El pino de la Isla Chica, con su ropaje gris, cargado de lustros, permanece fiel a su sentido de supervivencia, reliquia insoslayable  de estampas de una Huelva que ya descansa en el pasado pero que permanece en la memoria de muchos onubenses.  Al romper el alba, los gorriones, con sus monótonos trinos confunden sus arrullos sobre sus ramajes, escuálidos y desnudos por los avatares del otoño, ávidos de un pronto grito primaveral.

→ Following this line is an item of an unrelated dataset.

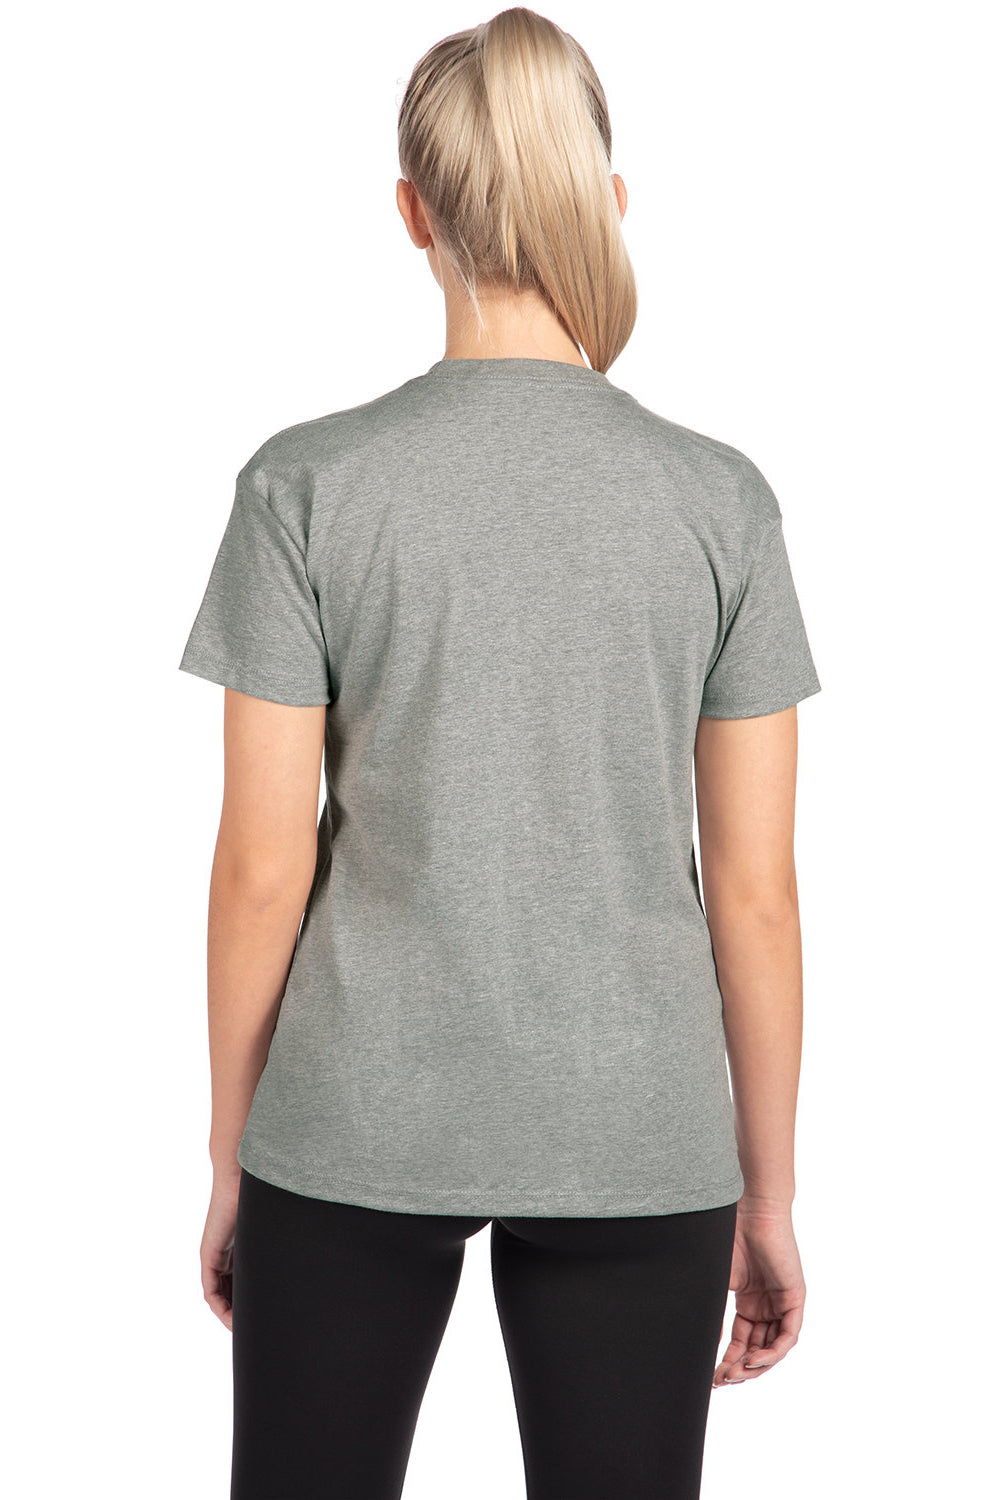 Next Level 3910NL Womens Relaxed Short Sleeve Crewneck T-Shirt Heather Grey Back
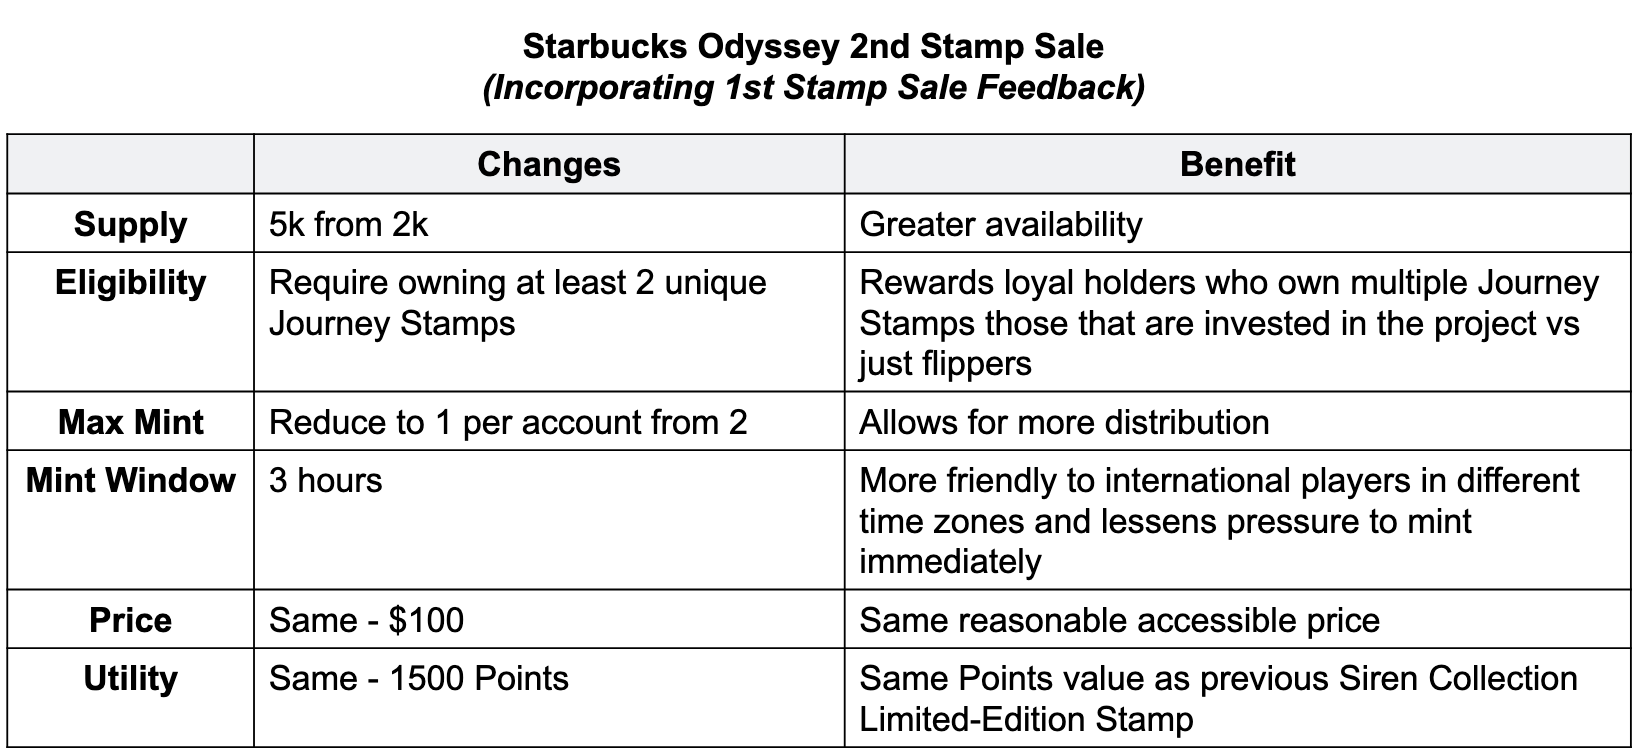 Starbucks Odyssey 2nd Stamp Sale

El pino de la Isla Chica es receptor también de la presencia de palomas y jilgueros, que durante la época de celo hacen sus nidos y crían a su descendencia. Contrasta su presencia,  hierático, empinado, como antepuerta de la plazoleta, dibujando a la salida del sol de la mañana un capirucho de sombra sobre los húmedos asientos existentes, entre la parada del autobús urbano y la porfía de existires que mantiene con la iglesia de la Virgen del Rocío. El pino continúa ahí, aferrado a su aprendizaje de eternidad, sin el martirio de la poda, libre de sacrificios, con a ausencia del celo del hombre, pino solo y a secas, aproximándose cada vez más a lo azul.

La medida del tiempo ha transcurrido inexorablemente, y el pino, con su senectud a cuestas, aprehende momentos intrínsecos que nos hacen rememorar los años de la infancia que transcurrieron  también en nuestra populosa barriada. Una estampa de vivencias que sigue presente a pesar del paso de los años.